The findings of Fainleib and Selkirk (2014) suggest that lexical high tones in Luganda have greater f0 excursions and less declination than the intonational high tones. However, only a single speaker participated in the study, so it does not provide a firm basis for generalization. In the following study, their claims about the phonetic differences between lexical and boundary high tone are tested with a larger sample of speakers.

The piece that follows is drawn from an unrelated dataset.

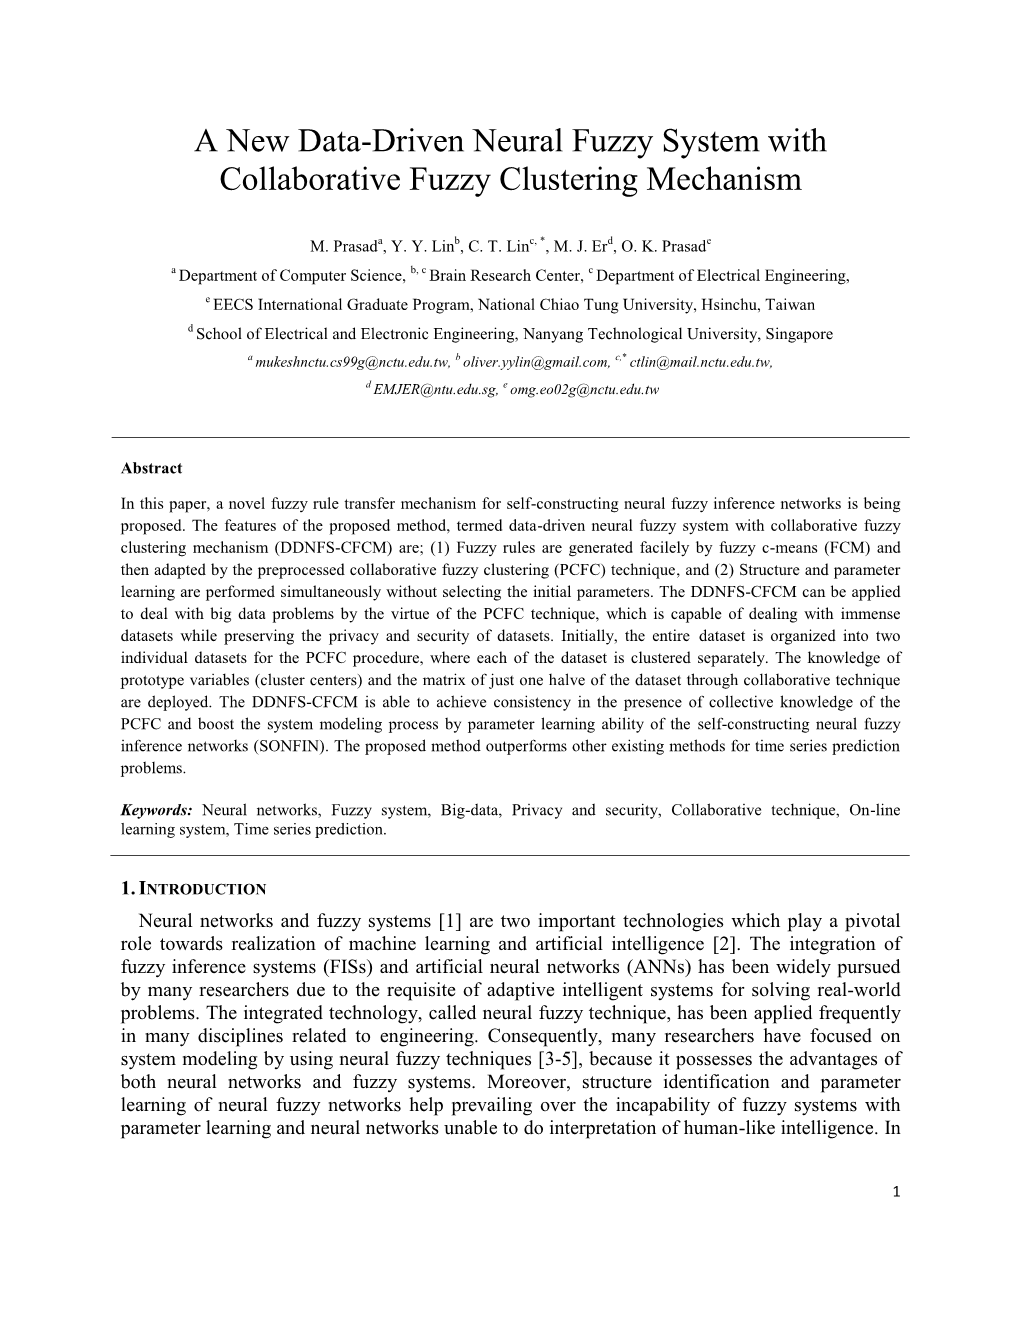 A New Data-Driven Neural Fuzzy System with Collaborative Fuzzy Clustering Mechanism

There is still not much information available about the phonetic implementation of boundary tones, despite an important cross-linguistic body of work focused on the distribution and interpretation of such tones, e.g., the studies in Jun (2005) and Downing and Rialland (2017). The current study is intended to add to the still small literature on how boundary tones differ in phonetic realization from other intonational and lexical tones.
1.3. High tone spread in Luganda
Since the following experimental study will deal with the difference between long and short high-tone spans, it is necessary to review what the literature has established about the conditions under which a high tone spreads or does not spread in Luganda.
One of the two sources of unbounded high tone spans is the process of High Tone Plateauing (Hyman & Katamba, 2010), in which the two separate lexical high tones are joined into a single extended high-tone span (Hyman et al., 1987; Hyman & Katamba, 1993; Pak, 2008; Hyman & Katamba, 2010). This process is given in Figure 1 in the formulation of Hyman and Katamba (2010), and it is exemplified in (4).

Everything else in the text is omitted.